* **EXERCISE DESCRIPTION**: Transcribe each line of the material as it is, and drop any picture.

* **RECORDED DATA**:
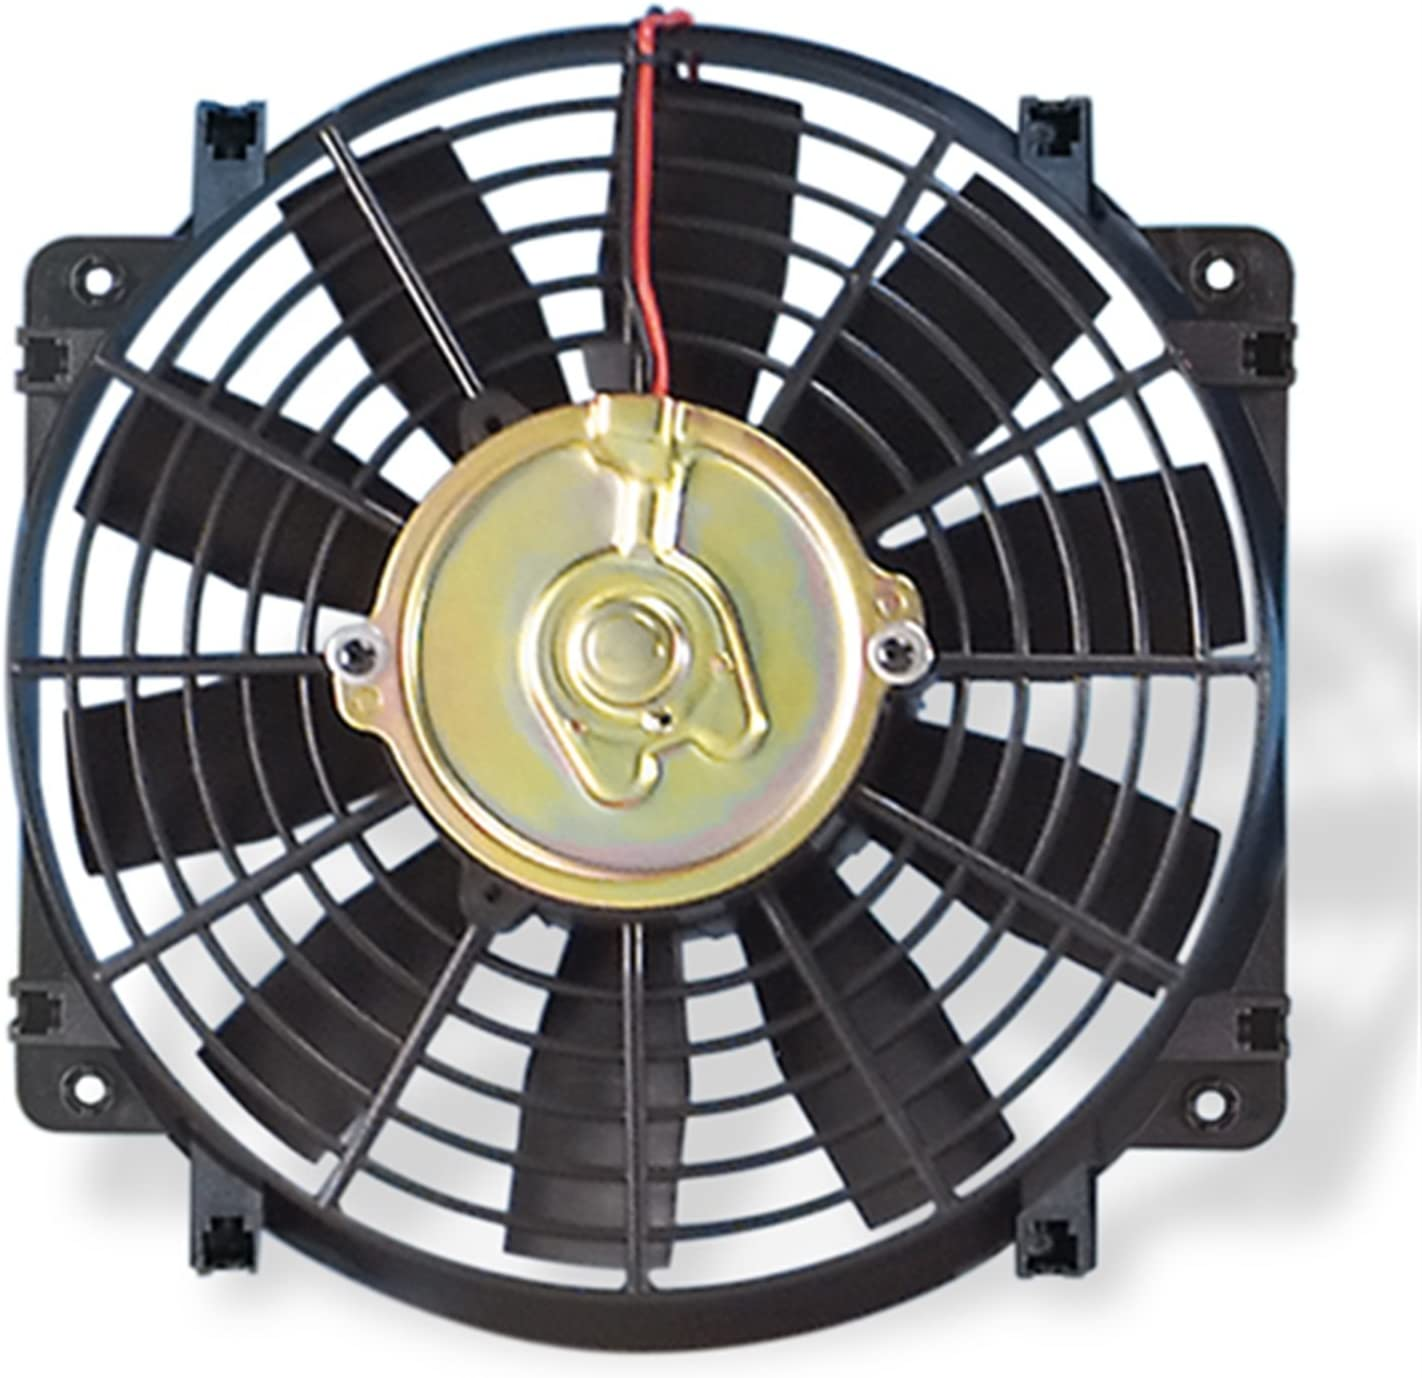 "Flex-a-lite 108 Black 10"" Trimline Electric Fan (reversible)"
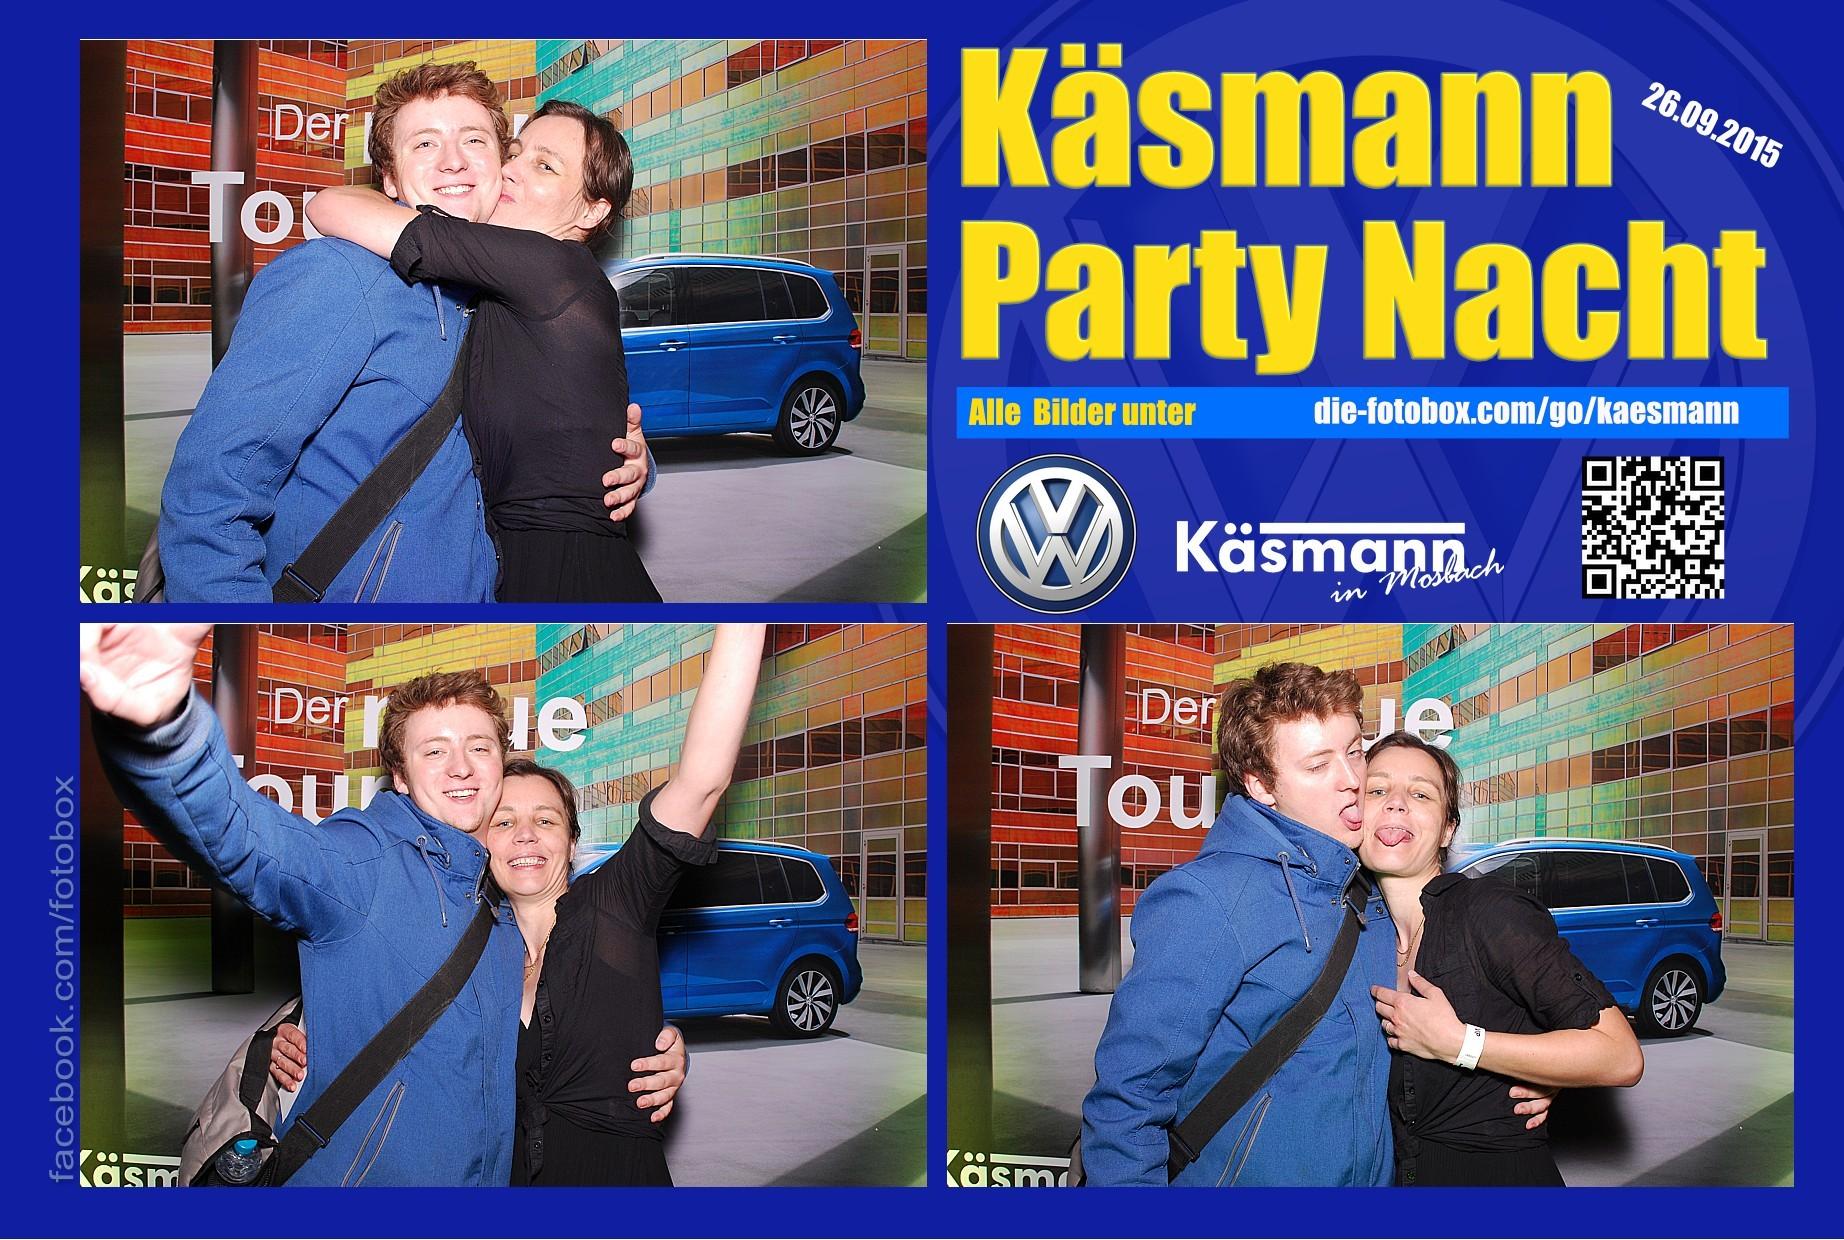 Käsmannparty 2015 - www.die-fotobox.com 01308
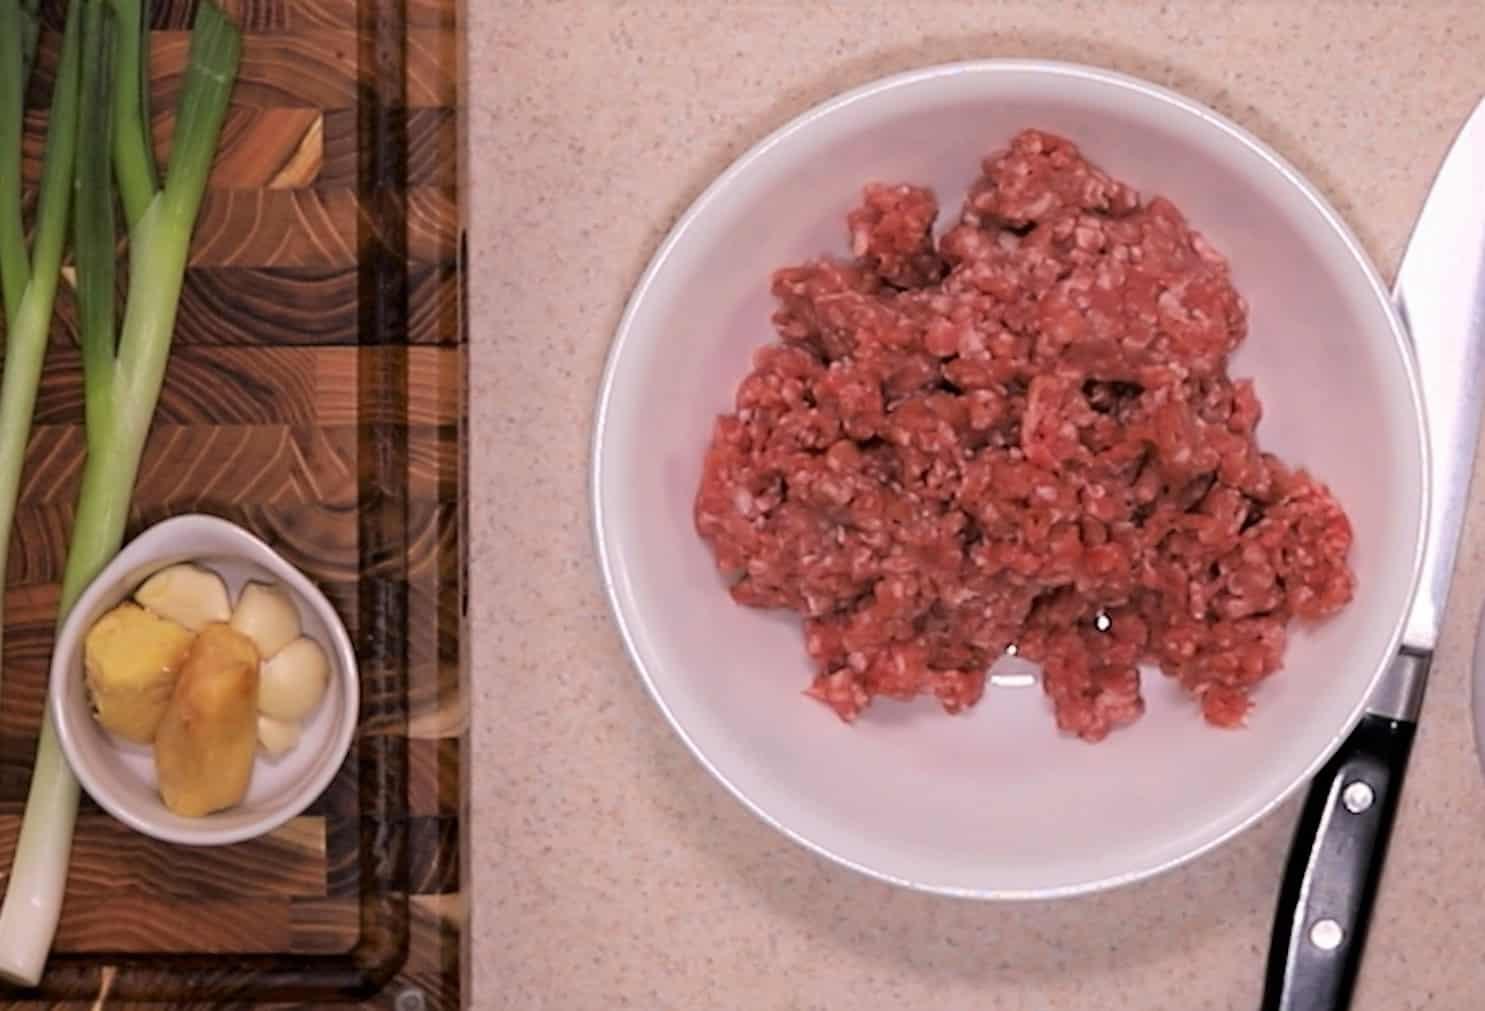 Low Carb Wonton Soup Starts with Ground Pork

* **TASK RESPONSE**:
 "Flex-a-lite 108 Black 10"" Trimline Electric Fan (reversible)"
 Käsmannparty 2015 - www.die-fotobox.com 01308
 Low Carb Wonton Soup Starts with Ground Pork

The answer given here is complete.